Westpac: Australian dollar still to fall in 2019

See the latest Australian dollar analysis here:

Macro Morning

Via Westpac today:

The Australian dollar has held within a narrow range of USD0.704 to USD0.716 over the month.

Key commodity prices, particularly iron ore, have been stable over the month with spot at around US$90/t. General expectations have been for this price to adjust downwards. For example the government’s forecast for the iron ore price (fob) by March 2020 is US$55/t (Westpac expects US$74/t spot). Supporting the iron ore price has been ongoing reports from Vale of likely decommissioning of supply following the collapse of the tailings dam in Brumadinho – general expectation is that Vale will decommission around 40t of production lowering overall annual production from 400Mt to 360Mt. However markets are expecting even larger production cuts to eventuate. Another major producer, Rio Tinto, has also recently been impacted by a supply shock.

On the demand side confidence is rising in response to China’s commitment to stabilising growth through lifting credit; easing restrictions on the shadow banking sector; supporting bond issues by local governments to finance new infrastructure investment; tax cuts; and some support to housing in selective regions.

This stability at high levels for key commodity prices is providing solid support to the Australian dollar – indeed the fair value of the AUD as measured by commodity prices, is currently holding well in excess of current spot.

On the other hand interest rate differentials continue to weigh on the AUD. When on February 21, Westpac moved to forecast the RBA would cut the cash rate by 25bps in August and November this year, markets were not anticipating a cut until April next year. That pricing has now moved forward to August with 75% of a second cut priced by mid next year.

Despite the firming of the probabilities of a rate cut the AUD has remained quite stable. That probably reflects the commodity environment and the limits to the forward expectations of currency markets.

The outlook for US interest rates is also important. In March markets had been pricing in a 70% probability of a rate cut from the FOMC by year’s end. That pricing has now moved back to a more reasonable 45% although pricing is around 80% for two cuts by September 2020.

Westpac has revised its outlook for the federal funds rate. We no longer expect a late cycle rate hike at the December meeting of the FOMC. My visit to the US in February gave me little confidence that the FOMC was likely to see the need to raise rates again in this cycle. Tailwinds in 2018, including those from global growth, fiscal policy, and financial conditions, have turned into headwinds in 2019.

Confidence around the ‘stickiness’ of the core PCE inflation measure was also clear. Indeed there was a general view that the FOMC needed to be seen to be symmetric around the 2% target for core PCE inflation. A period in which it ran above 2% would be welcomed in confirming that symmetric policy stance. My concern has always been with the likely persistent lift in growth in hourly earnings (up from a 2.5% to a 3.2% annual growth rate over the last year) as the labour market remains buoyant. However there was a view that statistical research had failed to find a link between wages growth and core PCE inflation.

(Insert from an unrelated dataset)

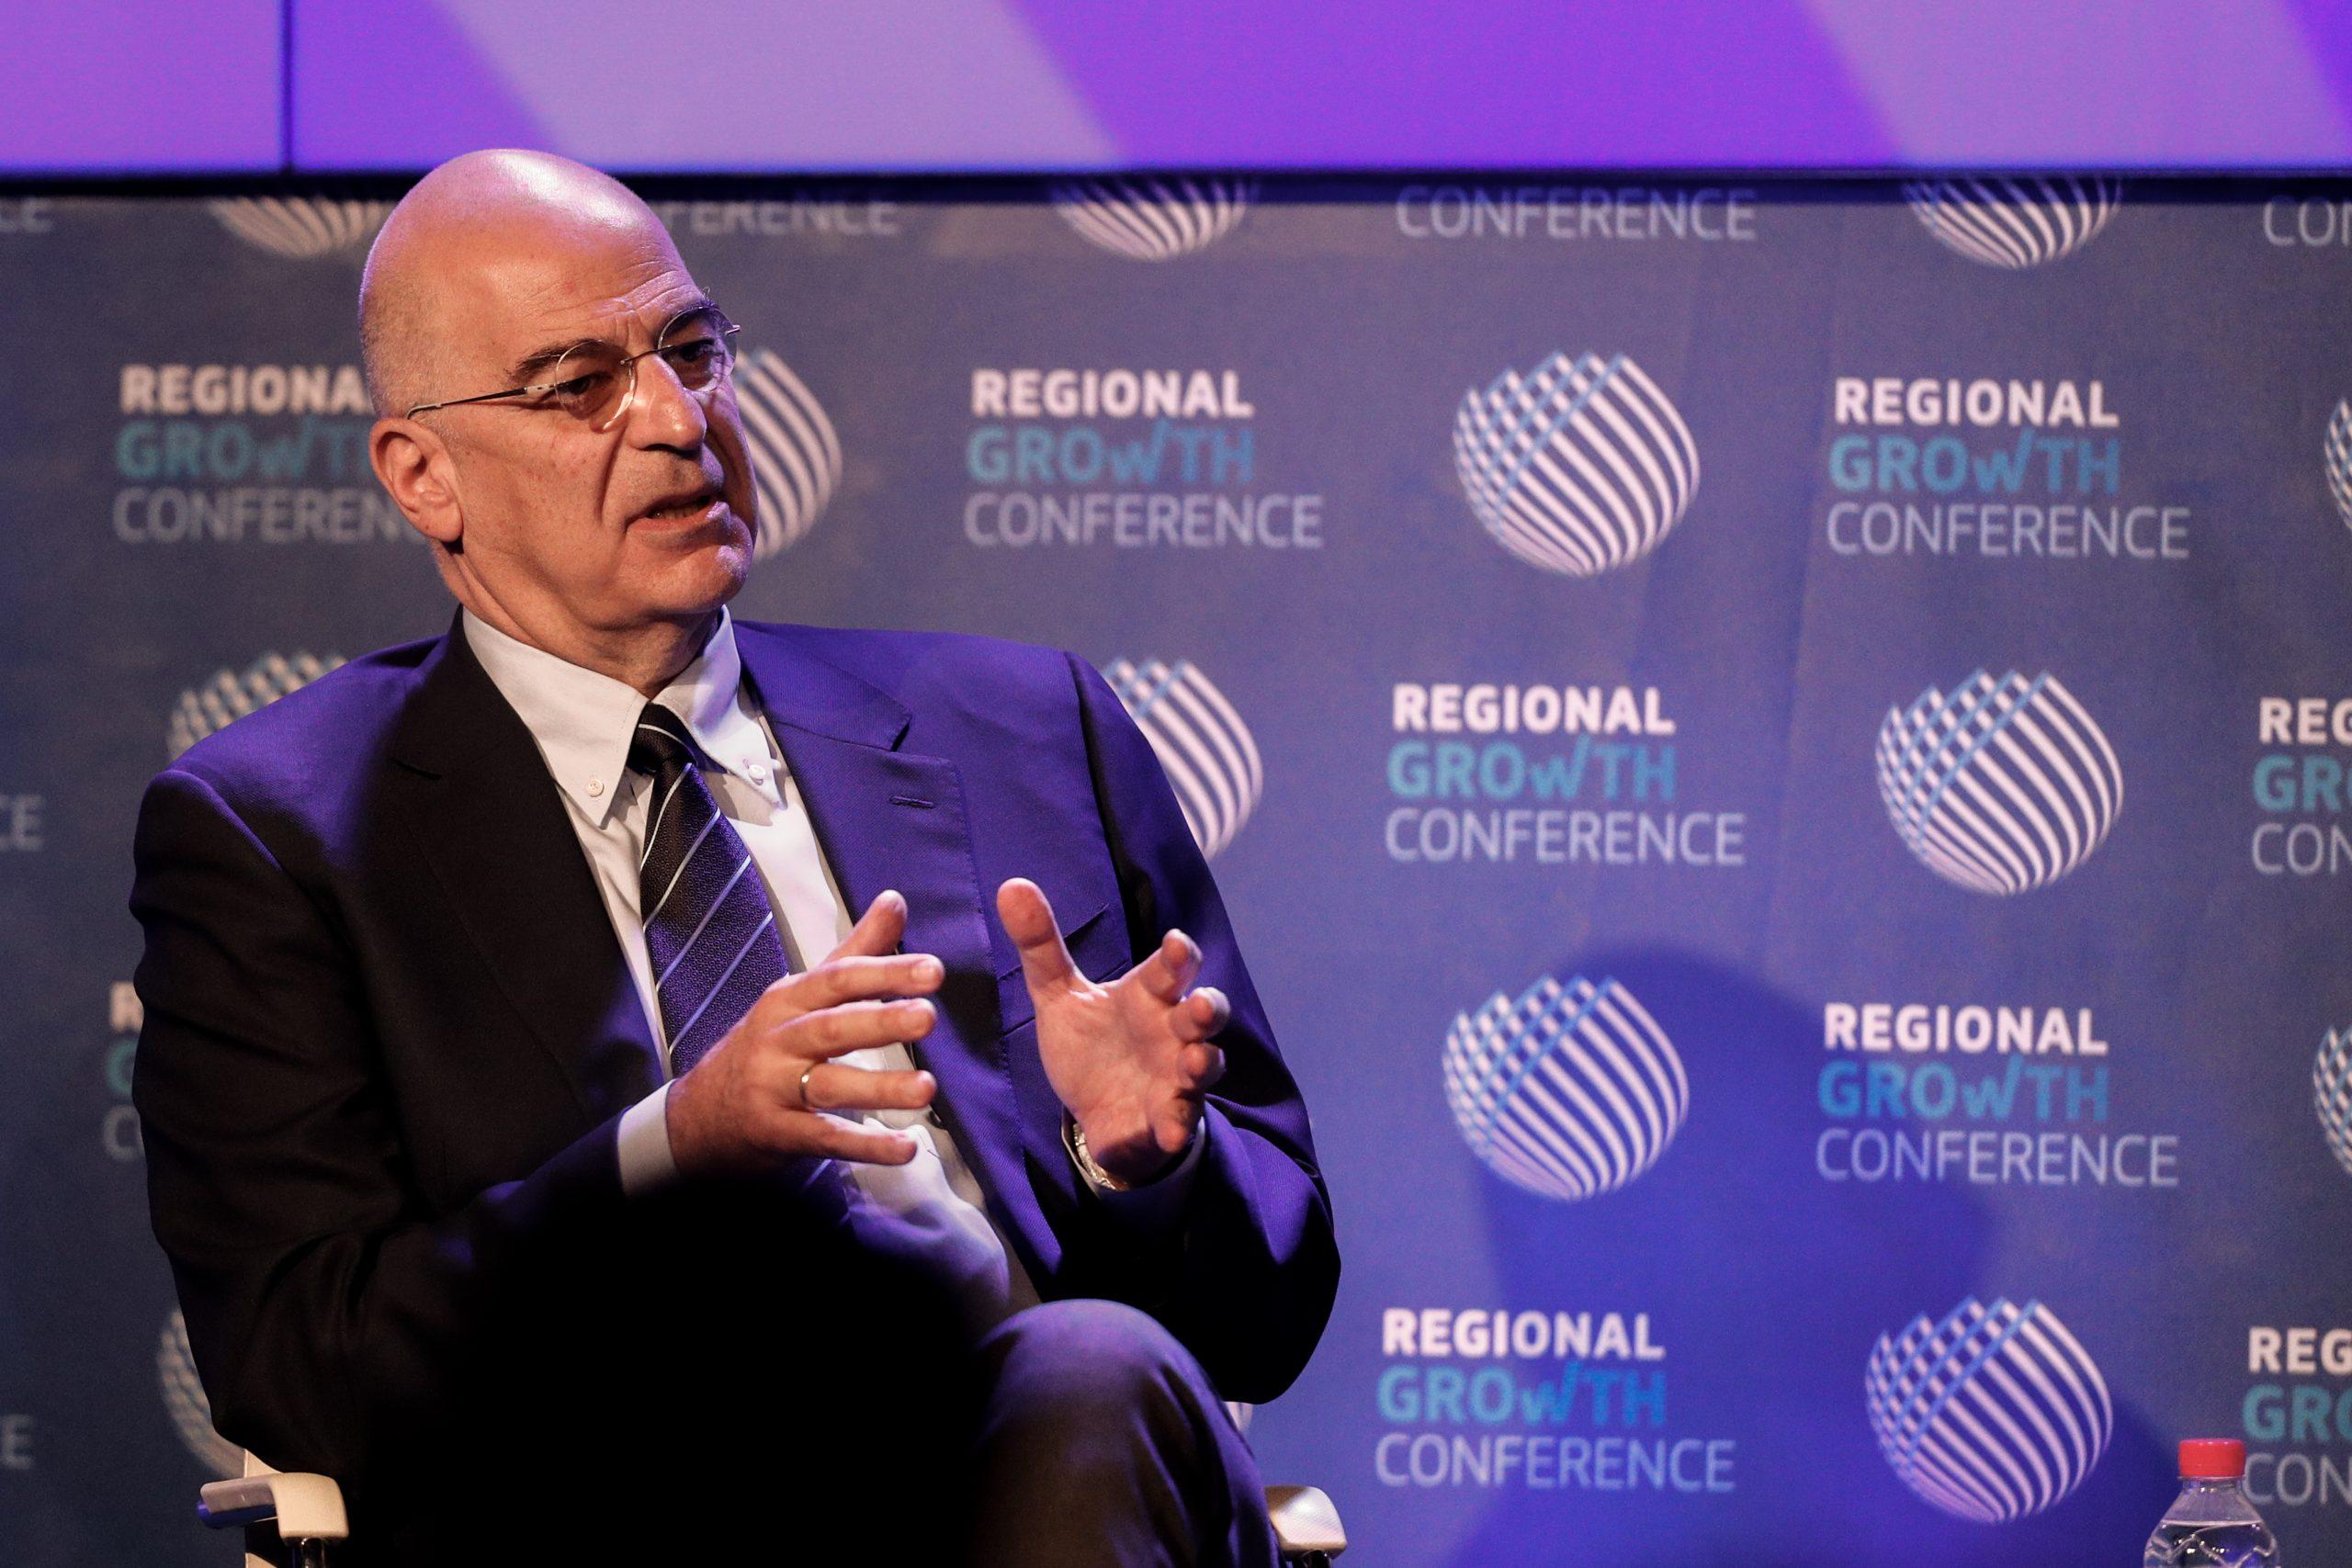 Regional Growth Conference – Ν. Δένδιας: Δεν υπάρχει καμία πιθανότητα να αποστούμε από τις πάγιες εθνικές θέσεις

The concept of neutral rates had also been ‘adapted’. There was no longer a sense of ‘long term/short term’. Neutral policy depended on potential growth (around 2%) and core PCE inflation around 2%. Westpac’s, and the FOMC’s forecast for GDP growth in 2019 is around 2%, providing further comfort that rates could stay at current levels since they are now at neutral.

Equally we do not subscribe to the view that rates will be cut by the FOMC over the 2019 and 2020 time horizon. With lower mortgage rates; solid income growth; some expected upward pressure on inflation; and fiscal policy likely to be supportive, especially in the election year of 2020, a steady rate profile seems most likely.

With markets expecting rate cuts in the US and under-pricing rate cuts in Australia some further downward pressure on the AUD can be expected from the current USD0.715. But with an improving commodity price outlook we have not moved our target of USD0.68 for AUD over the course of 2019 despite the flatter profile for the federal funds rate.